Description of the task: Work through the listing below and give again exactly the lines from the one with "Stylish Guy with" to the one with "12mm Steel L", both ends included. All other lines and all pictures stay out.
-------- Data for review
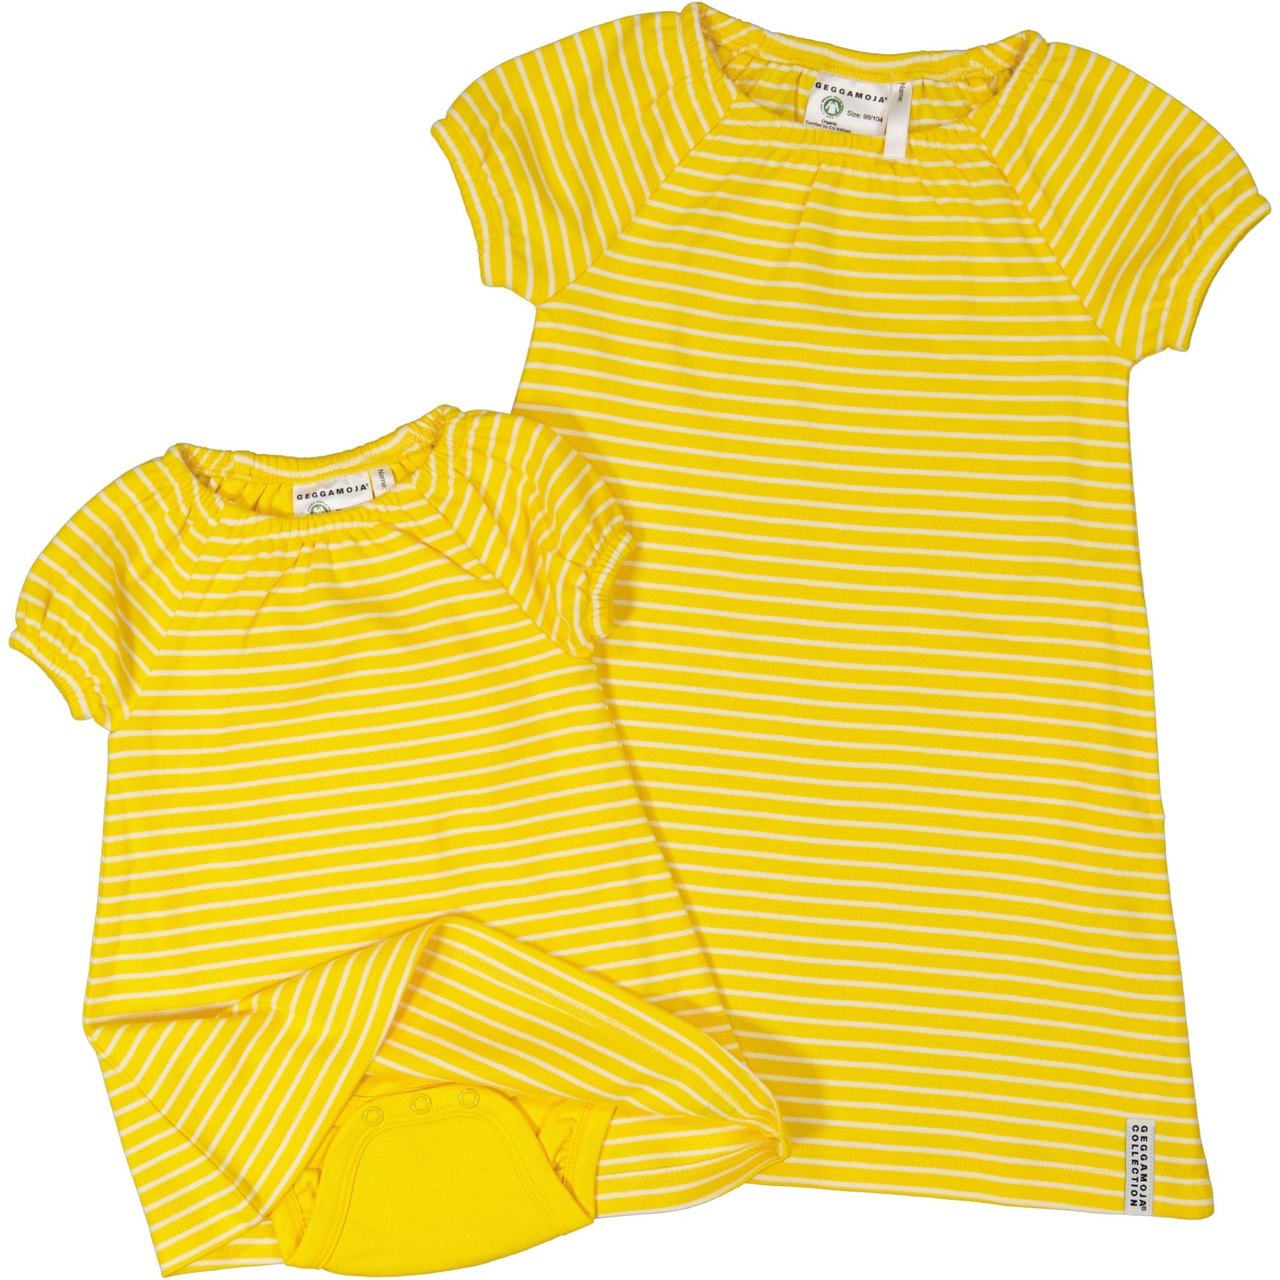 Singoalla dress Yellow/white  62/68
----------------
-------- Data for review
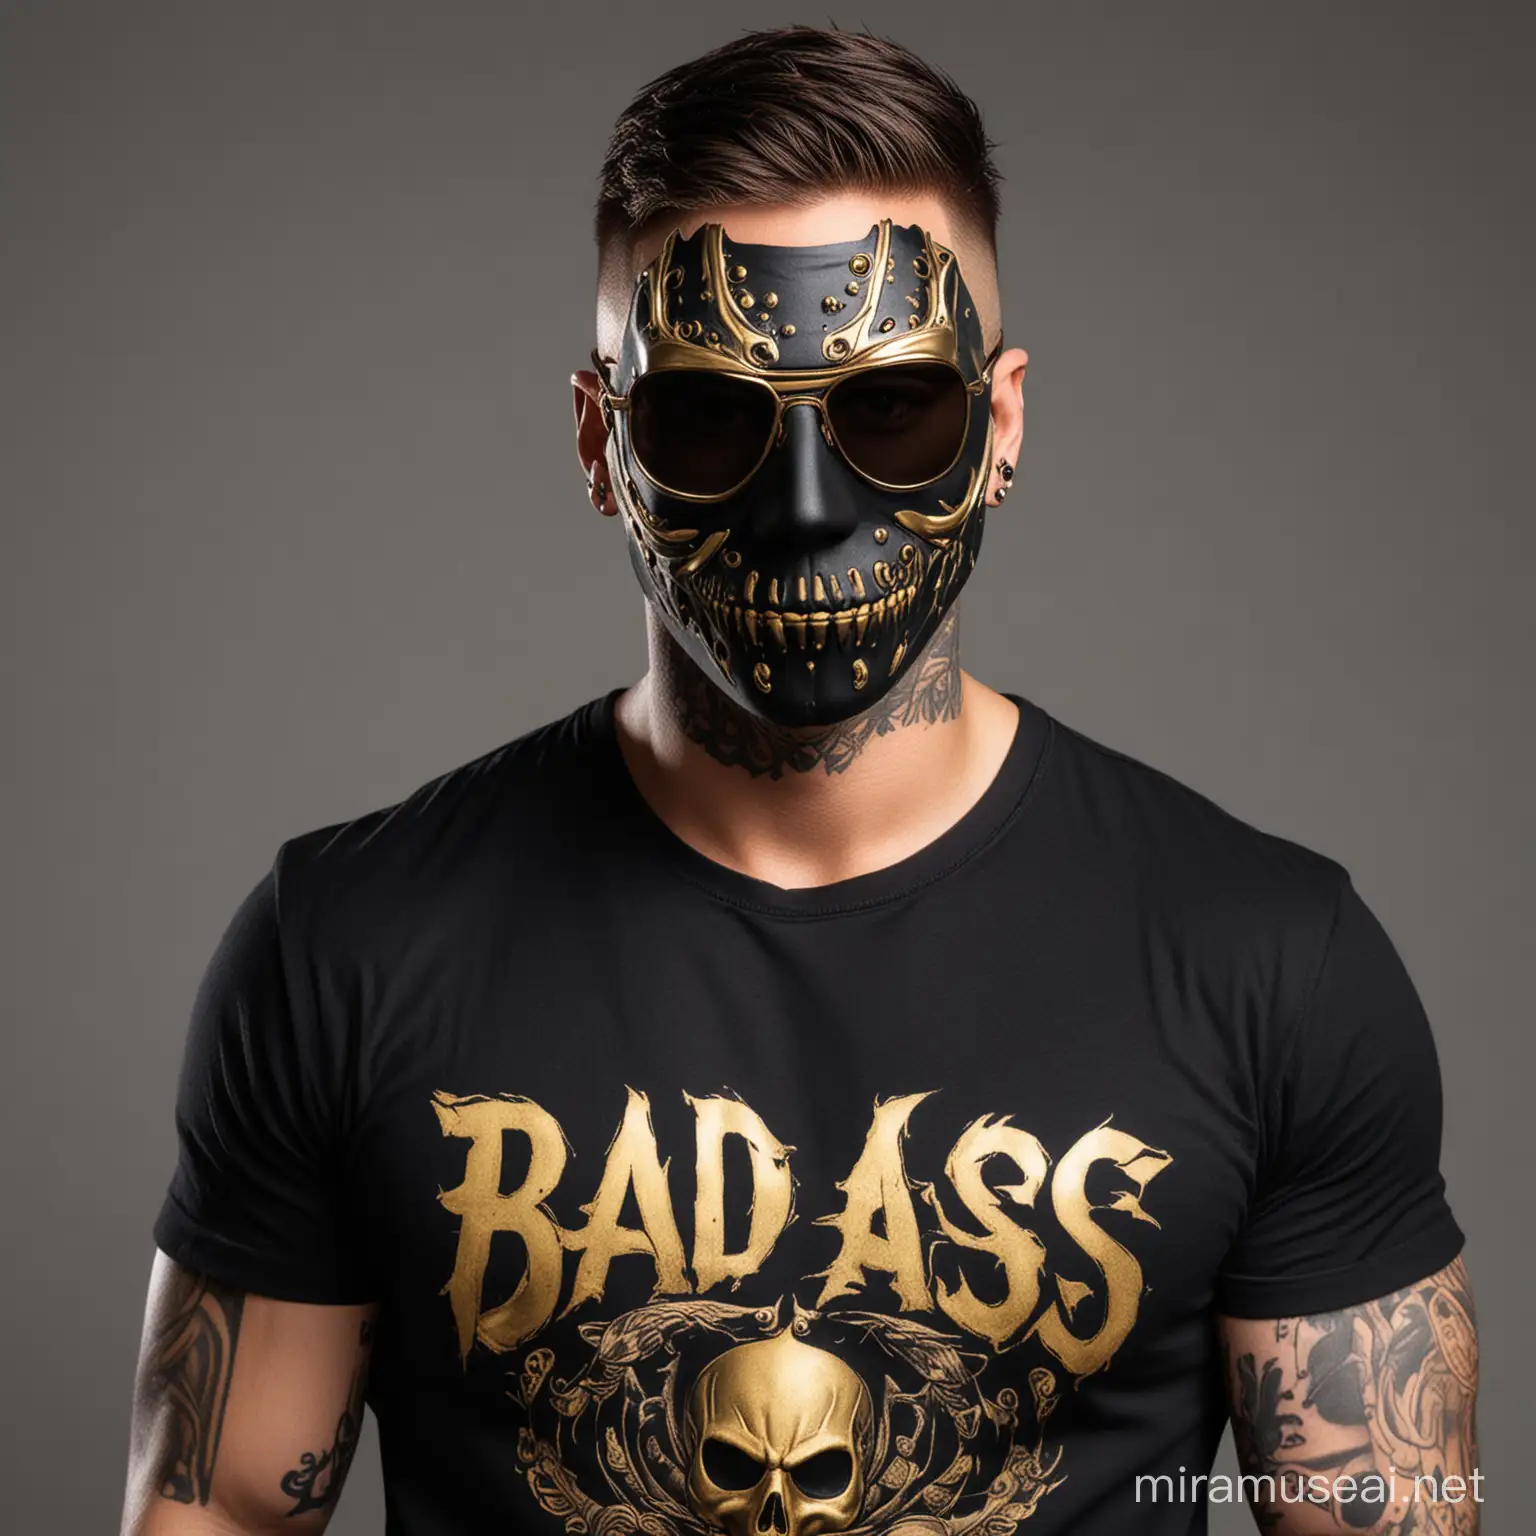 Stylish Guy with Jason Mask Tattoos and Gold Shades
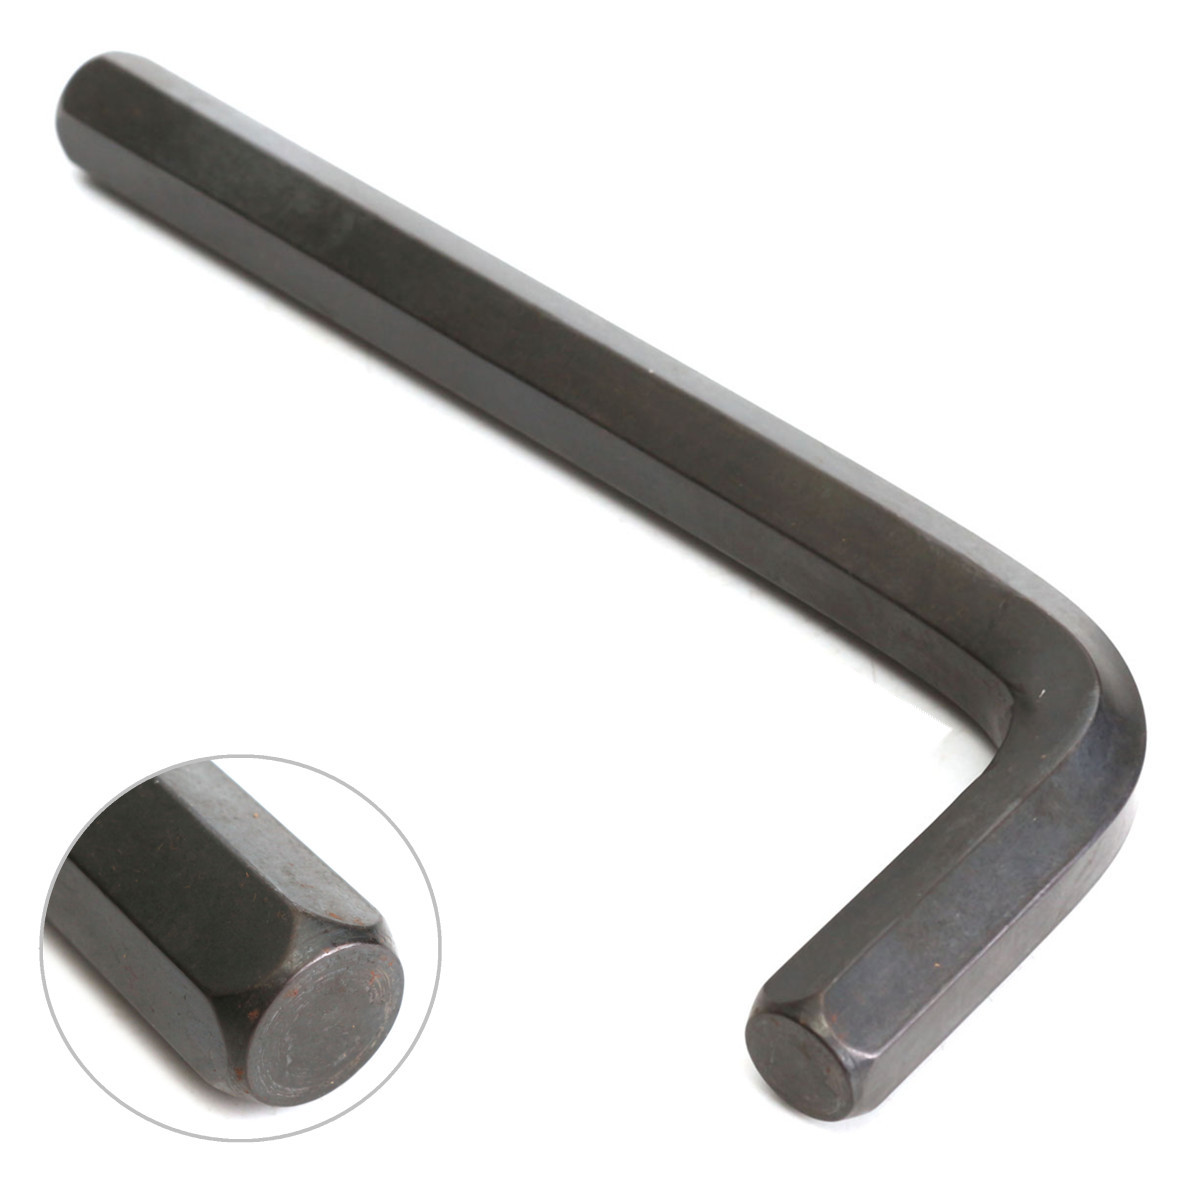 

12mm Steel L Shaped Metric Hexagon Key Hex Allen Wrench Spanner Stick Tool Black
----------------
-------- Data for review
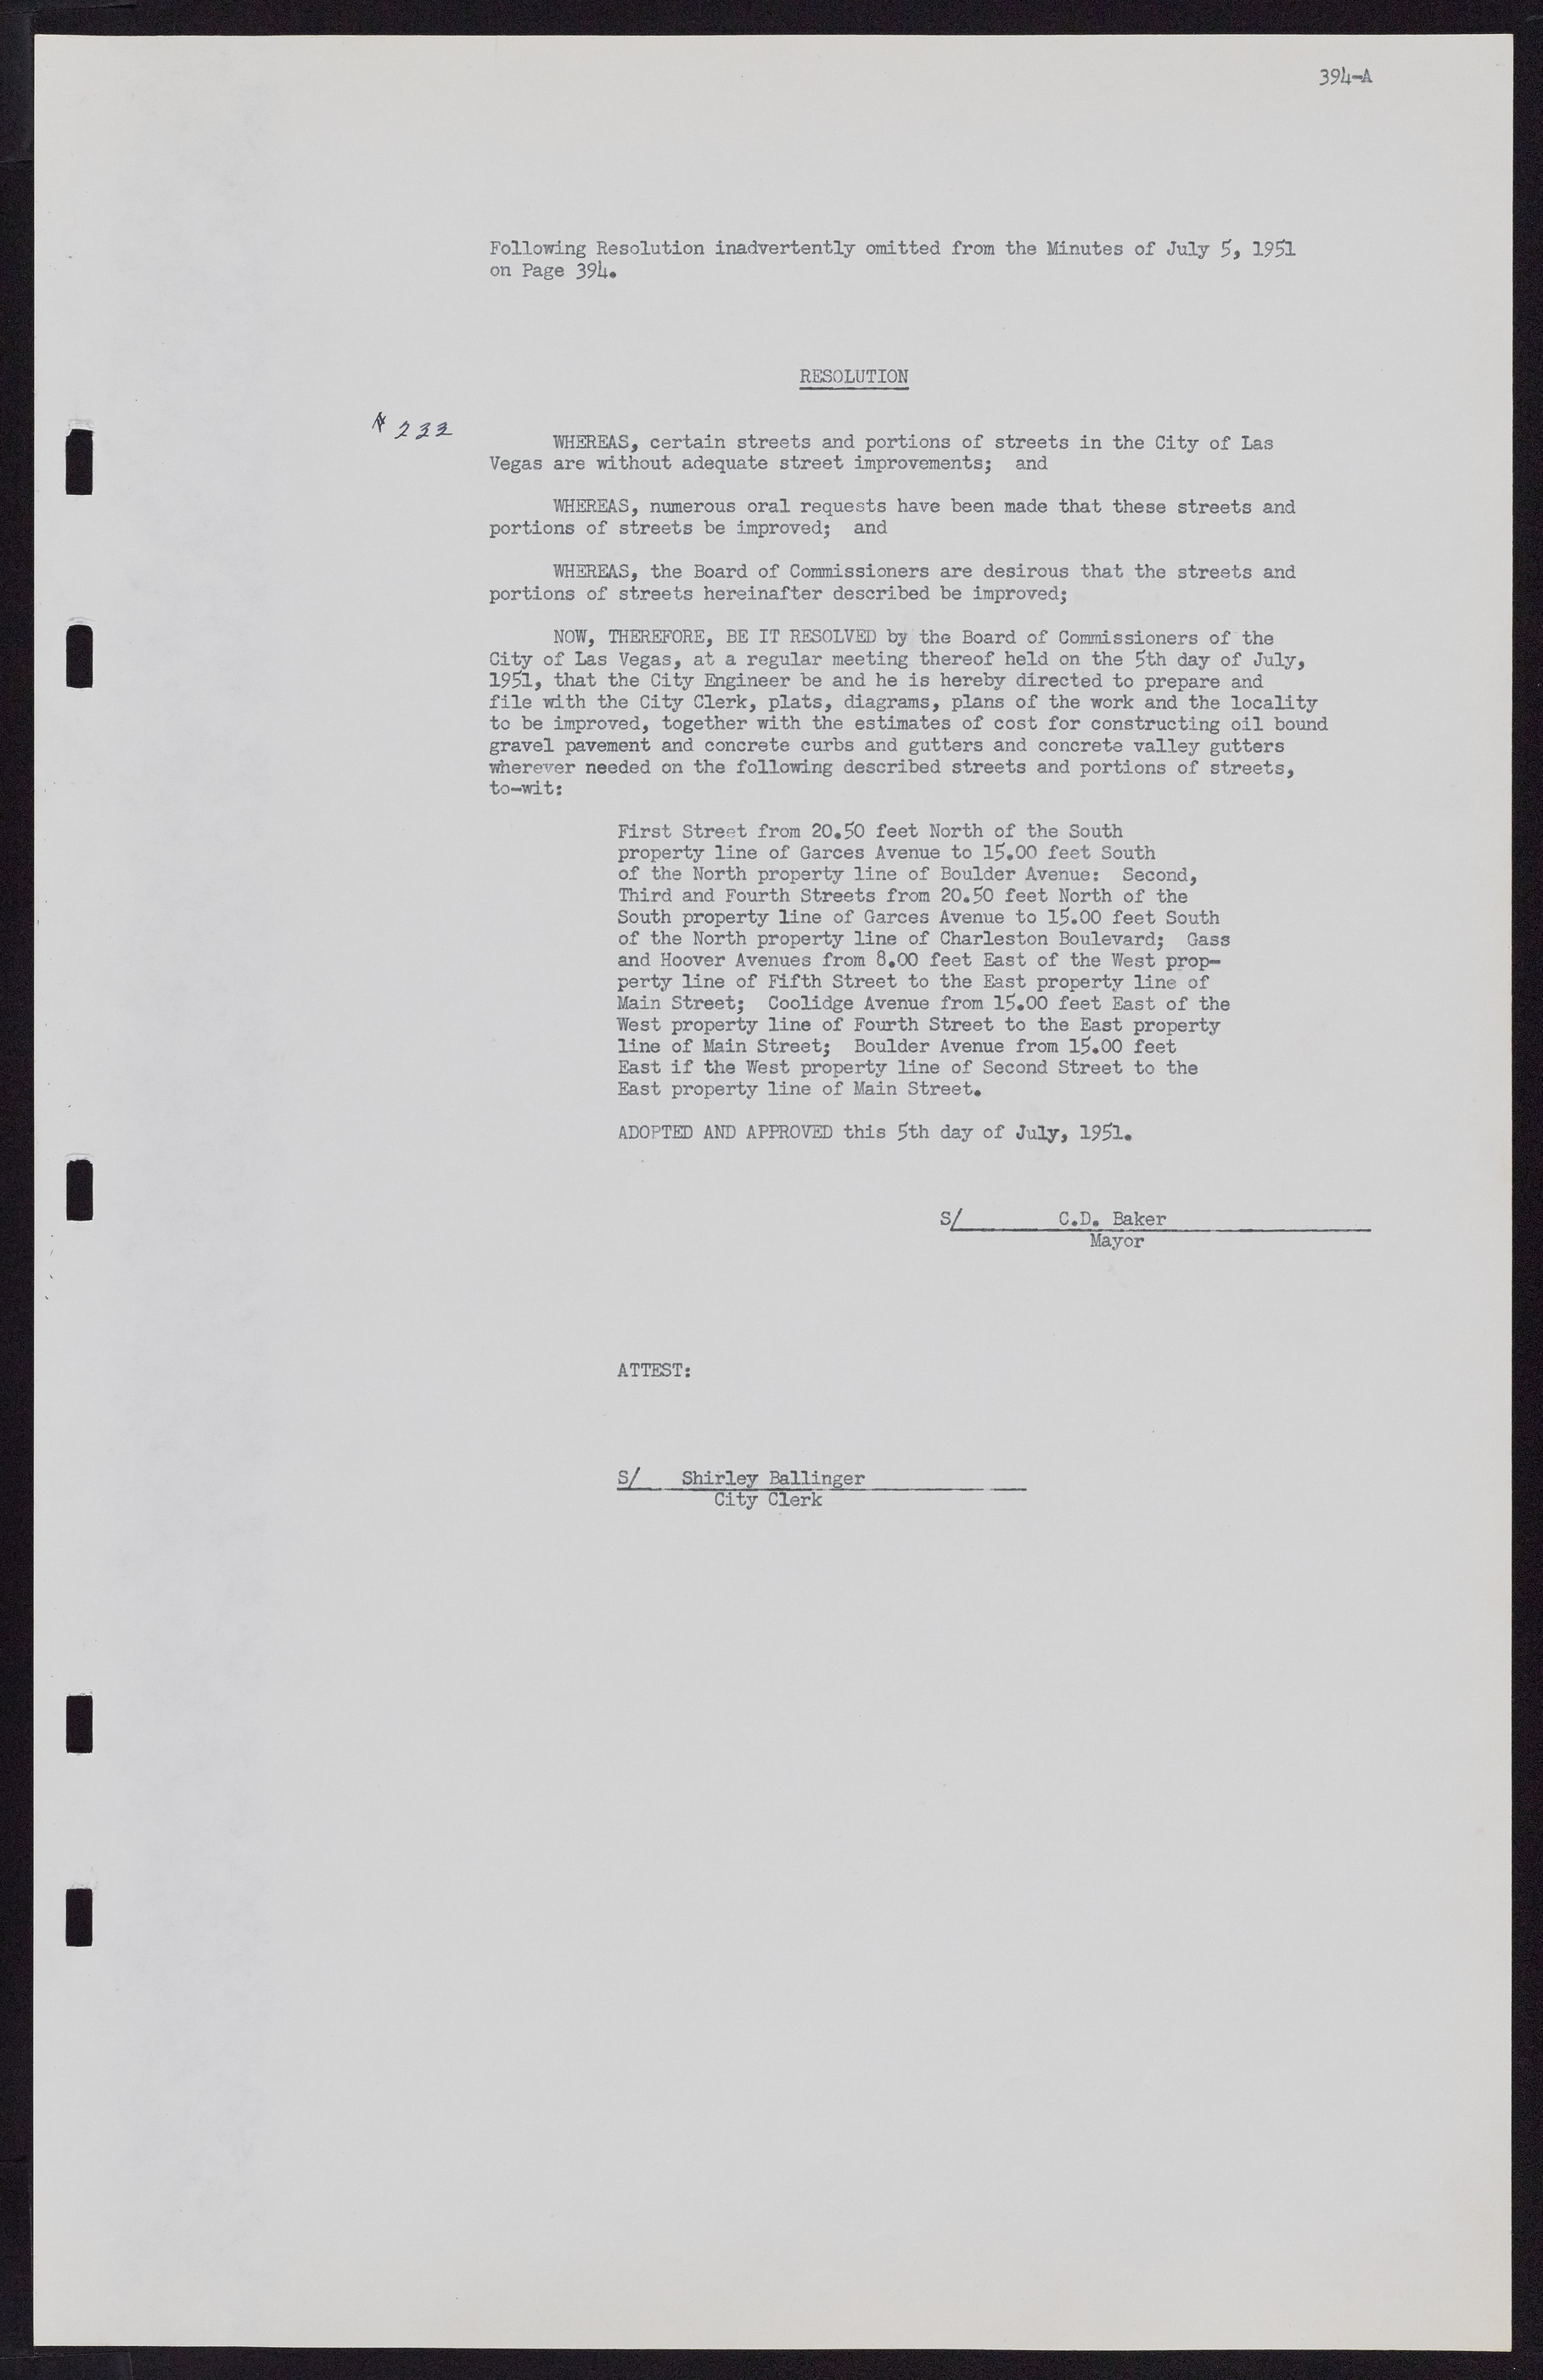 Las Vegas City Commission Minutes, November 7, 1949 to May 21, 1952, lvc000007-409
----------------
Reply to the task:
 Stylish Guy with Jason Mask Tattoos and Gold Shades

12mm Steel L Shaped Metric Hexagon Key Hex Allen Wrench Spanner Stick Tool Black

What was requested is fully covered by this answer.